Average for Albert Einstein is 79.26470588235294


Use helper classes for Grade, Subject and Student as well as Gradebook

In [13]:
import collections
Grade = collections.namedtuple('Grade', ('score', 'weight'))

class Subject(object):
    def __init__(self):
        self._grades = []

    def report_grade(self, score, weight):
        self._grades.append(Grade(score, weight))

    def average_grade(self):
        total, total_weight = 0, 0
        for grade in self._grades:
            total += grade.score * grade.weight
            total_weight += grade.weight
        return total / total_weight
    
class Student(object):
    def __init__(self):
        self._subjects = {}

    def subject(self, name):
        if name not in self._subjects:
            self._subjects[name] = Subject()
        return self._subjects[name]

    def average_grade(self):
        total, count = 0, 0
        for subject in self._subjects.values():
            total += subject.average_grade()
            count += 1
        return total / count
    
class Gradebook(object):
    def __init__(self):
        self._students = {}

    def student(self, name):
        if name not in self._students:
            self._students[name] = Student()
        return self._students[name]
    
name = 'Albert Einstein'
gradebook = Gradebook()
student = gradebook.student(name)
math = student.subject('Math')
math.report_grade(75, 1.0)
math.report_grade(65, 1.0)
gym = student.subject('Gym')
gym.report_grade(90, 0.7)
gym.report_grade(95, 0.7)
average = gradebook.student(name).average_grade()

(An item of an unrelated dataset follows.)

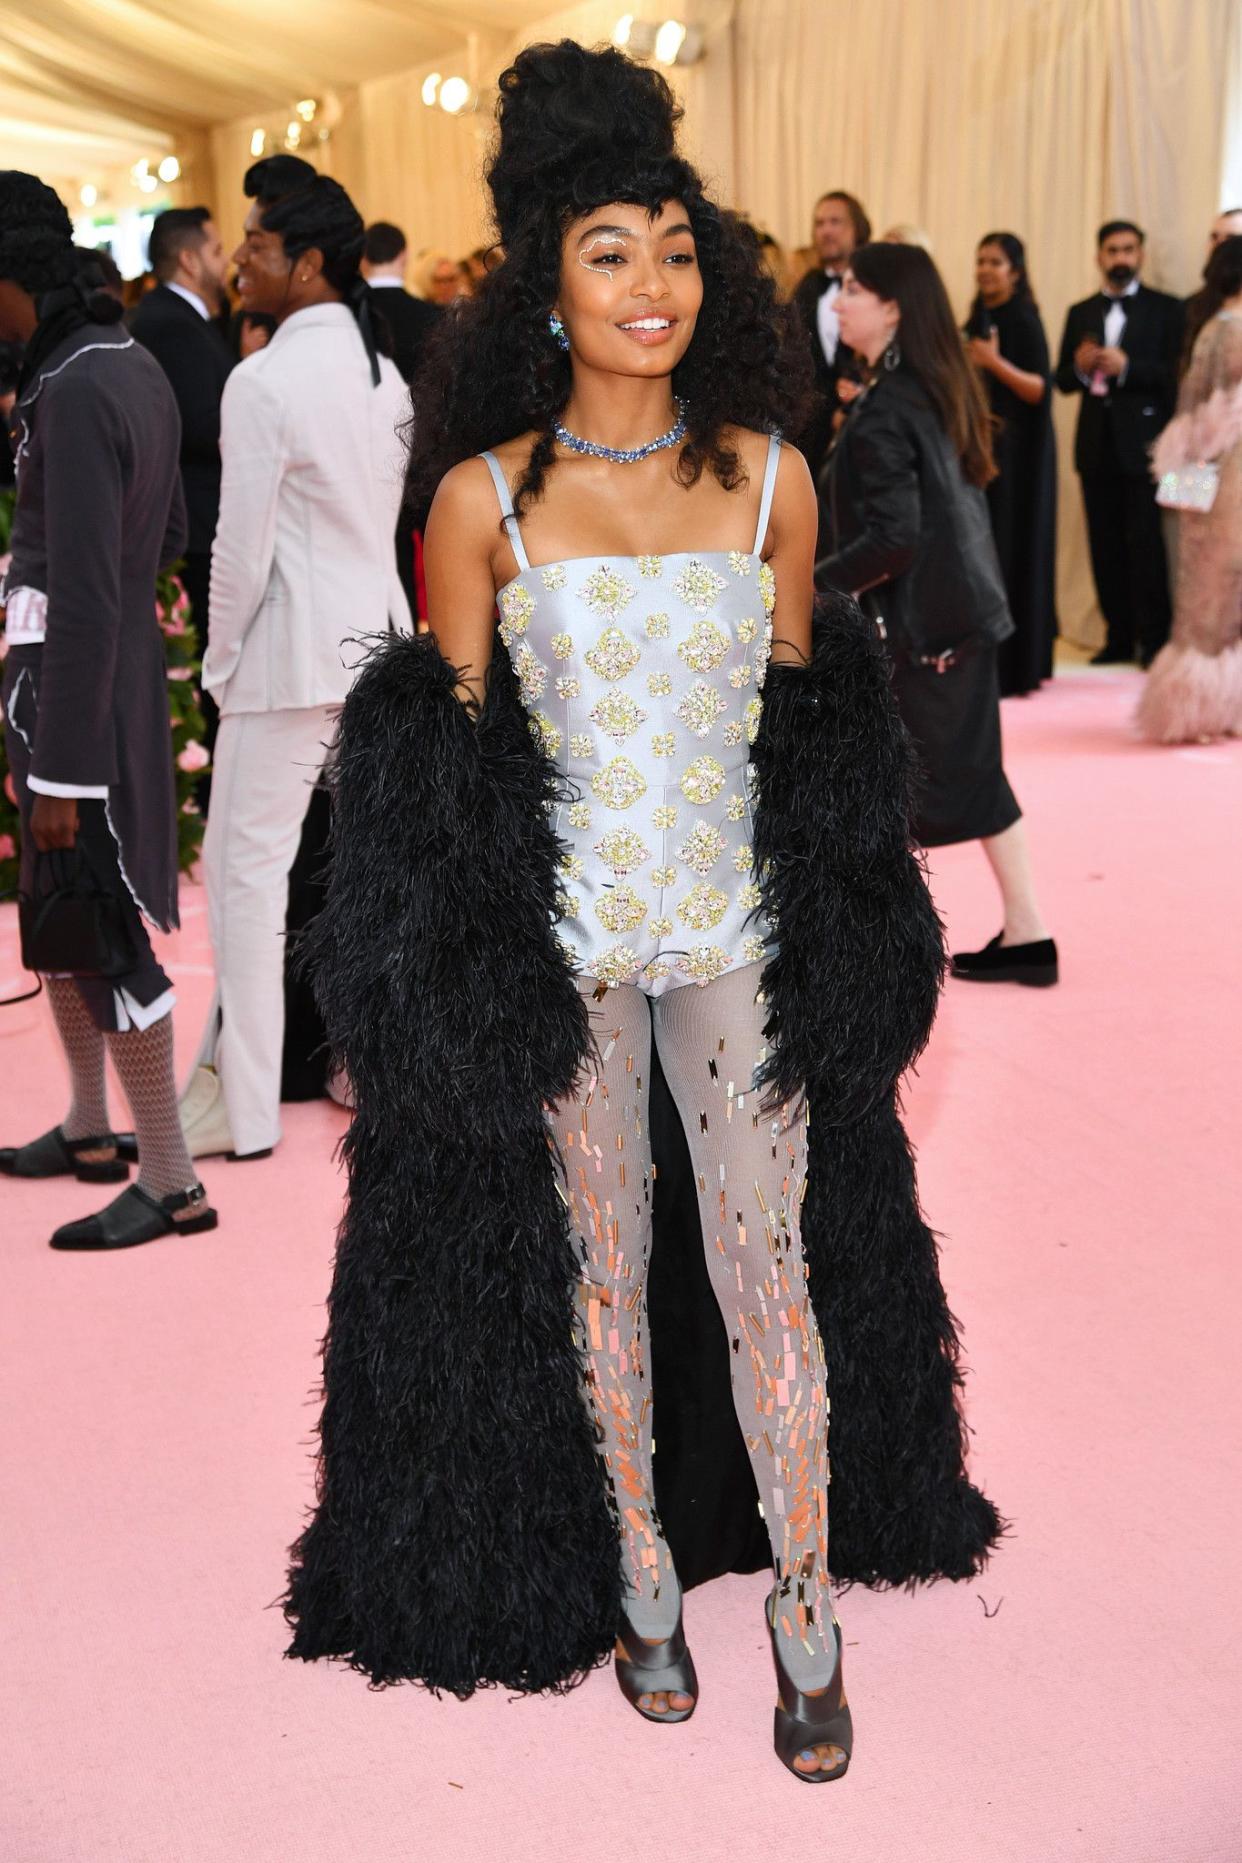 Yara Shahidi attends The 2019 Met Gala Celebrating Camp: Notes on Fashion at Metropolitan Museum of Art on May 06, 2019 in New York City.
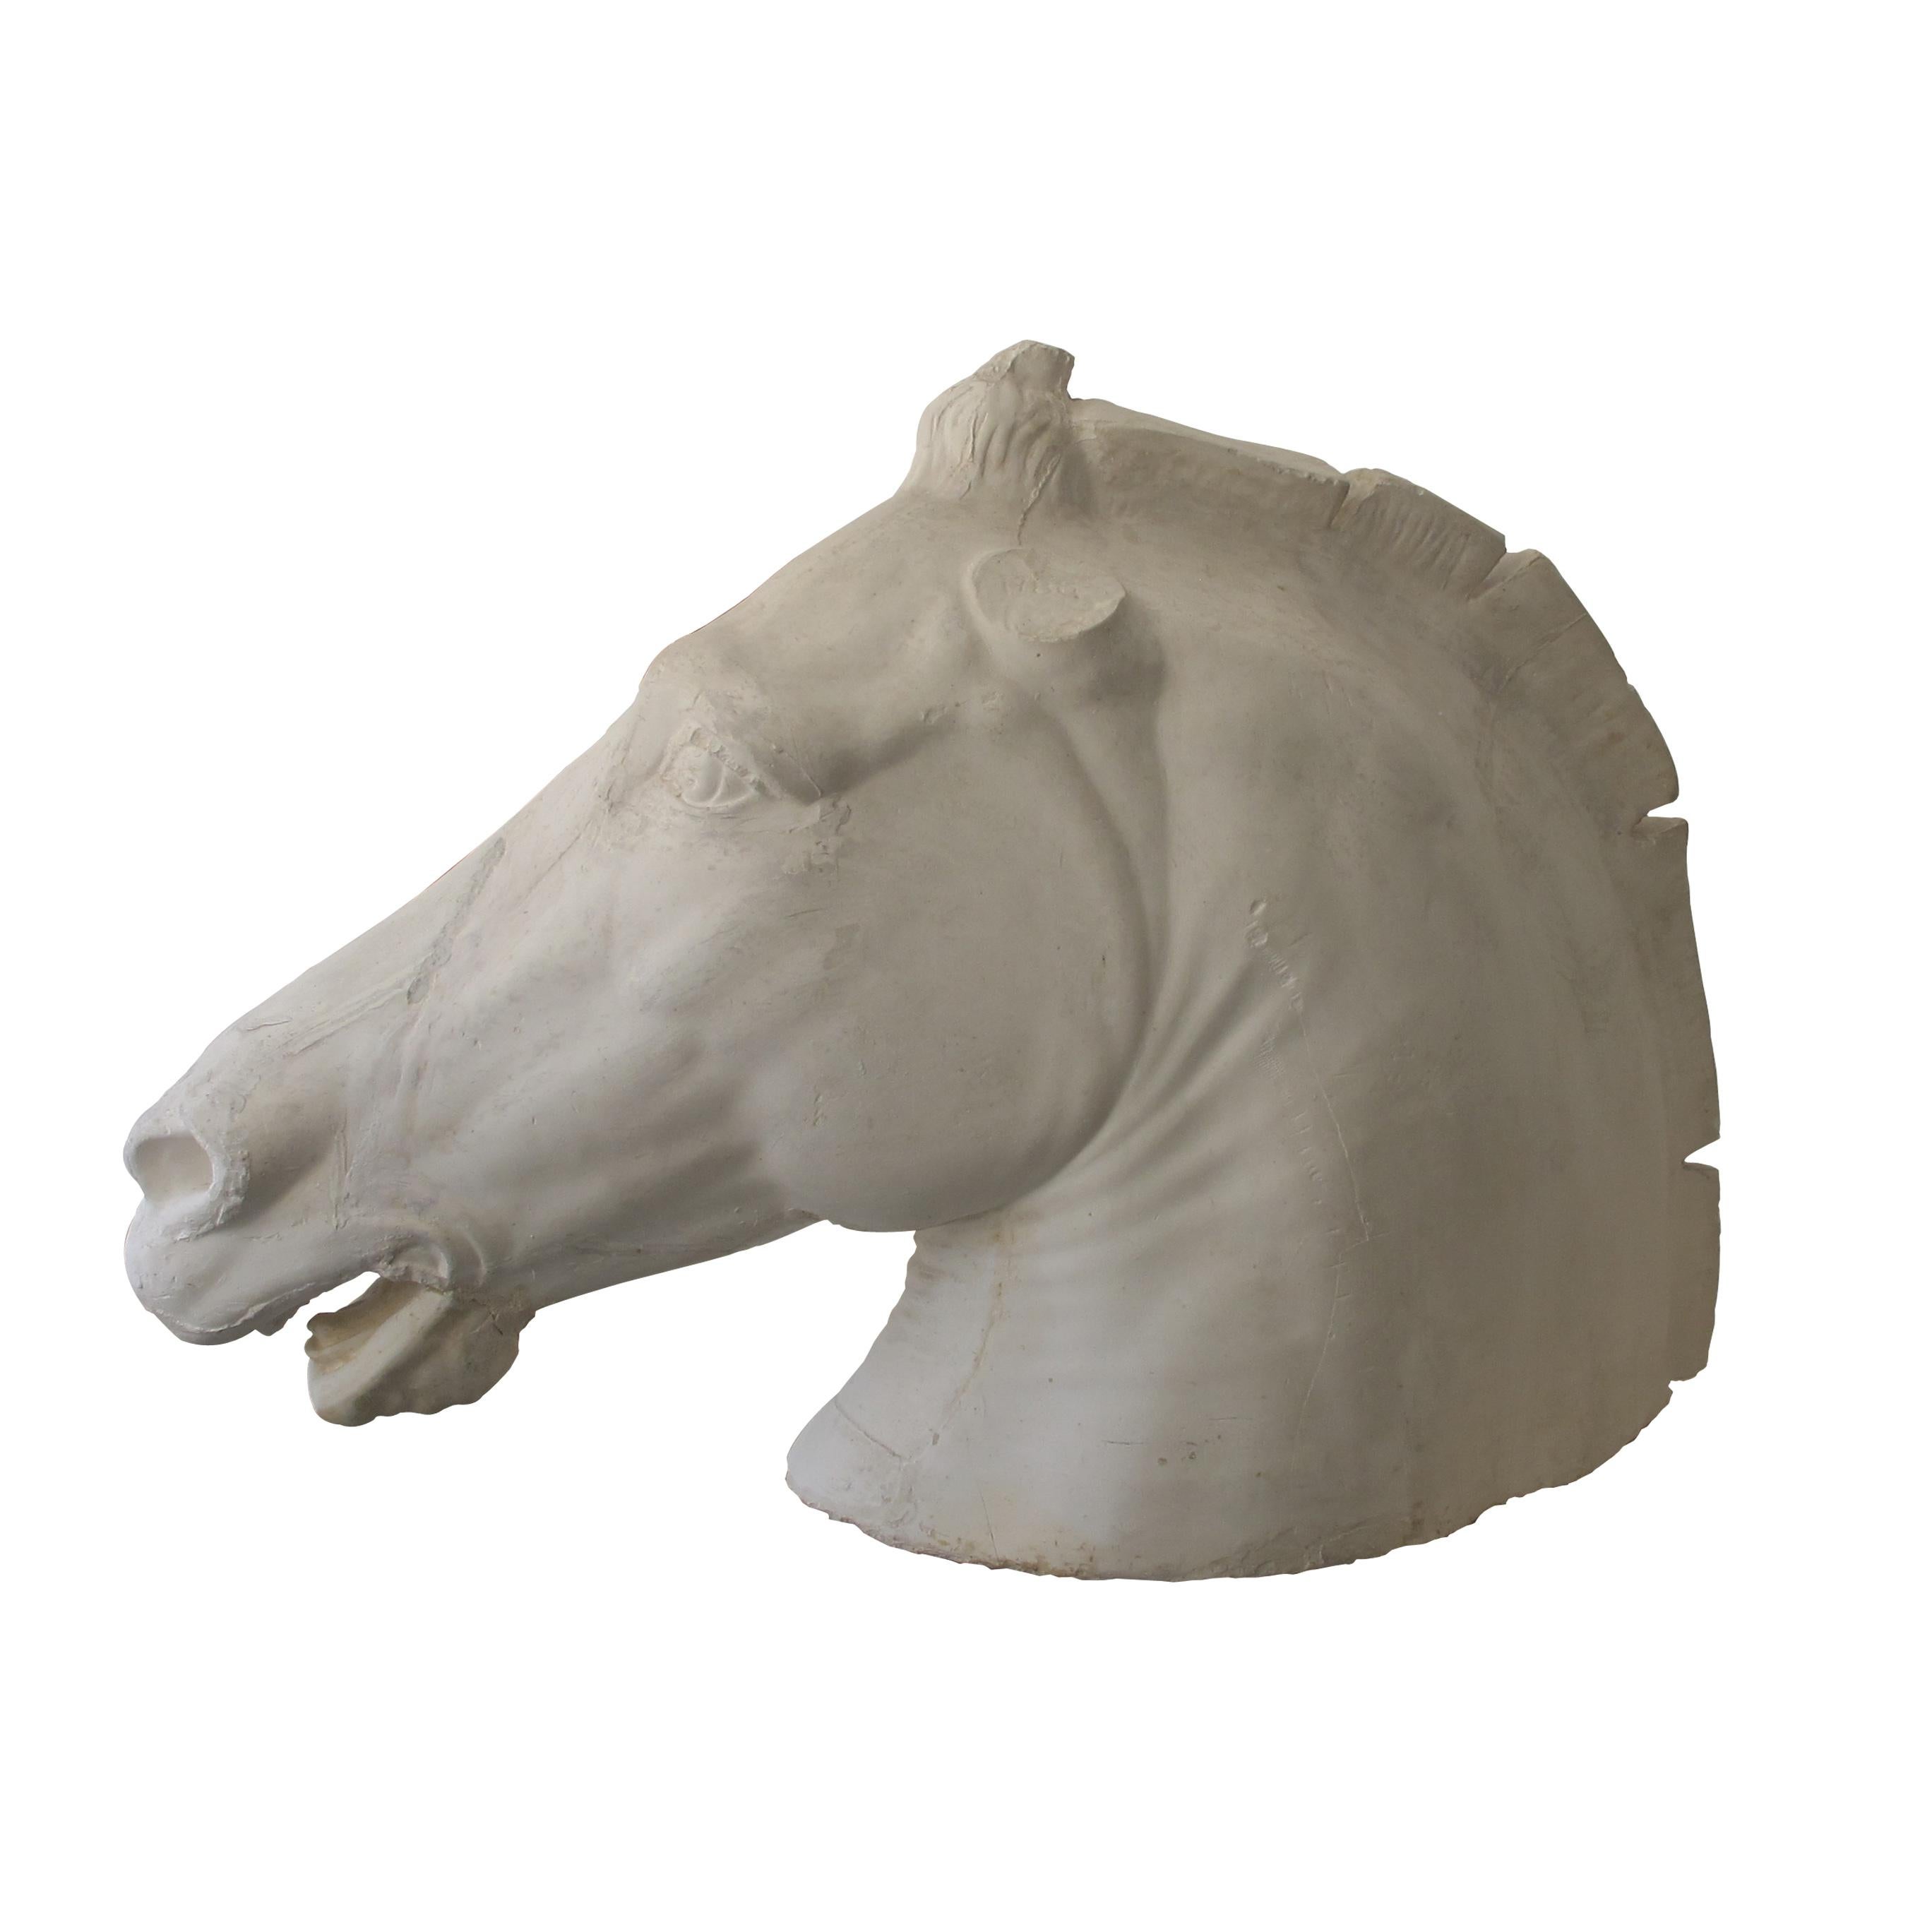 Arts and Crafts Early 20th Century French Life-Size Plaster Horse Head Inspired by The Parthenon

print("Average for %s is %r" % (name, average))

Average for Albert Einstein is 81.25


# Item 23: Accept Functions for Simple Interfaces Instead of Classes

Here is an example of a function for default dictionary where you can add a function for supplying a default value when a key is missing.

In [19]:
import collections

def log_missing():
   print('Key added')
   return 0

current = {'green': 12, 'blue': 3}
increments = [
    ('red', 5),
    ('blue', 17),
    ('orange', 9),
]
result = collections.defaultdict(log_missing, current)
print('Before:', dict(result))
for key, amount in increments:
    result[key] += amount
print('After: ', dict(result))

Before: {'blue': 3, 'green': 12}
Key added
Key added
After:  {'orange': 9, 'blue': 20, 'red': 5, 'green': 12}


# Item 24: Use @classmethod Polymorphism to Construct Objects Generically

First we create a set of MapReduce objects for counting the total words in a set of files.

In [20]:
class InputData(object):
    def read(self):
        raise NotImplementedError
        
class PathInputData(InputData):
    def __init__(self, path):
        super().__init__()
        self.path = path

    def read(self):
        return open(self.path).read()
    
class Worker(object):
    def __init__(self, input_data):
        self.input_data = input_data
        self.result = None

    def map(self):
        raise NotImplementedError

    def reduce(self, other):
        raise NotImplementedError
        
class LineCountWorker(Worker):
    def map(self):
        data = self.input_data.read()
        self.result = data.count('\n')

    def reduce(self, other):
        self.result += other.result

To use these classes we can create some helper functions and call them to complete the implementation:

In [21]:
def generate_inputs(data_dir):
    for name in os.listdir(data_dir):
        yield PathInputData(os.path.join(data_dir, name))
        
def create_workers(input_list):
    workers = []
    for input_data in input_list:
        workers.append(LineCountWorker(input_data))
    return workers

def execute(workers):
    threads = [Thread(target=w.map) for w in workers]
    for thread in threads: thread.start()
    for thread in threads: thread.join()

    first, rest = workers[0], workers[1:]
    for worker in rest:
        first.reduce(worker)
    return first.result

def mapreduce(data_dir):
    inputs = generate_inputs(data_dir)
    workers = create_workers(inputs)
    return execute(workers)

The issue is the `mapreduce` function is not generic at all. If you want to write another `InputData` or `Worker` subclass, you would also have to rewrite the `generate_inputs`, `create_workers`, and `mapreduce` functions to match.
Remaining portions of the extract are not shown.